Они разошлись в разные стороны маленькой комнатенки.
— Ты мне ничем не обязан, можешь более ко мне не ходить, — холодность в словах Малцага.
— Приду и буду ходить, — в тон ему ответил врач.
— Тогда, — молодой человек сделал шаг навстречу, — ты должен наконец-то понять одно: мы здесь рабы, хуже скотов. У этого общества нет перед нами никакой ответственности. Неужели она у нас должна быть?
— Нам надо бежать, — как великую тайну прошептал доктор.
— Куда? Как? Тем более с твоими детьми. А Шадома?
— Что нам делать? — подавлен реальностью Сакрел.
— Мне нужен кинжал, длинная веревка и крюк.
— Завтра.
— Нет, сейчас же, — перебил Малцаг.
— А работа? Больные?
— А Шадома? Каково ей? Действуй! — уже в полный голос командует Малцаг. — Днем с оружием идти тебе же безопасней, — он уже все просчитывает. — Мне нужна дождливая ночь, сильный дождь.
— А дождь зачем?
— А в дождь, тем более ночью, все — и люди, и собаки — по конурам прячутся.
Как и велел Малцаг, доктор в то же утро возвратился. Правда с кинжалом не получилось: принес большой туповатый нож и крюк — так, для крупной рыбешки. Зато веревка длинная, прочная и хороший плащ.
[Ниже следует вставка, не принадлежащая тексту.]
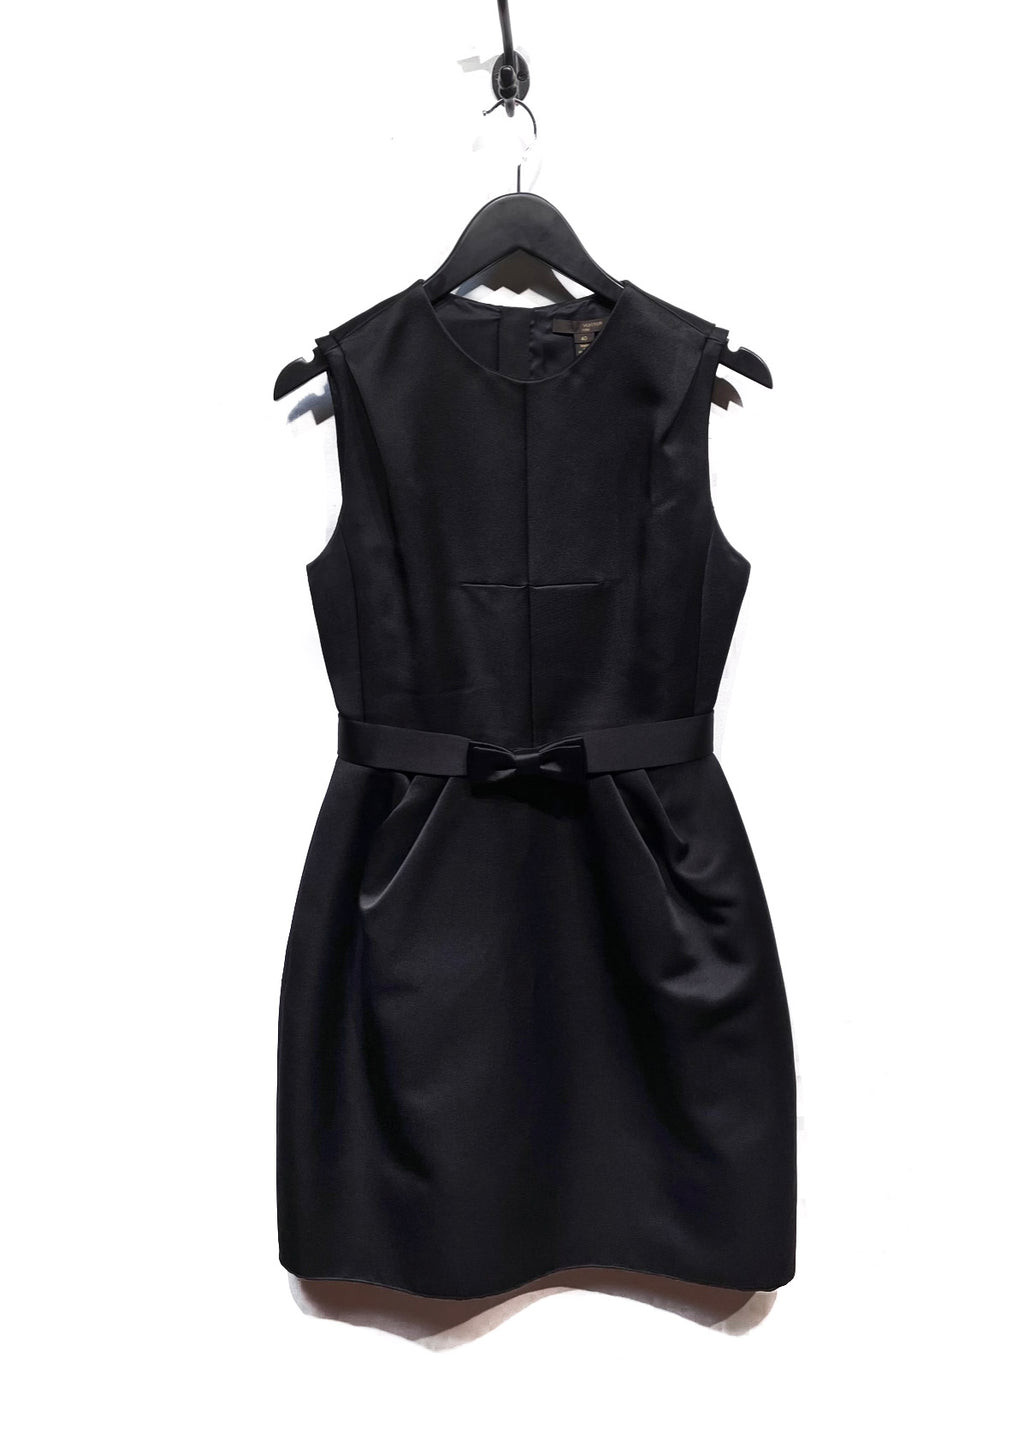 Robe sans manches Louis Vuitton noire en soie épaisse avec nœud

— А это зачем? — удивился Малцаг.
— Ну, будет дождь.
— А что, верно, — доволен кавказец. — Вот теперь ты правильно мыслишь. Приходи в ночь после дождя.
Хоть в этом им благоволила судьба: двое суток, не переставая, лил дождь. Он еще накрапывал, когда Сакрел среди ночи явился в потаенный дом. Малцаг спал, от скрипа дверей вскочил, увидев доктора, довольно потянулся:
— Хорошо, что пришел, я проголодался.
Сакрел как примерный слуга стал безропотно накрывать стол и, не выдержав, сам заговорил:
— Весь город лишь об одном болтает: кто-то из своих почти всю дубильную мастерскую перерезал.
— А почему из «своих»? — словно праздность в тоне Малцага.
— Собаки пропустили.
— Ну, мы с тобой давно не дубильщики, — бодро вскочил кавказец и, принюхиваясь к еде: — больше больничные объедки есть не будем, объелись. А что касаемо дубильщиков, не волнуйся, они и так там как мухи дохли. Я сам раз десять из лап смерти вылезал. Если бы не дождь, поджег бы эту заразу.
На это откровение Сакрел ничего не сказал, все отводил взгляд. А Малцаг тем же неунывающим тоном:
— О чем еще в городе сплетничают?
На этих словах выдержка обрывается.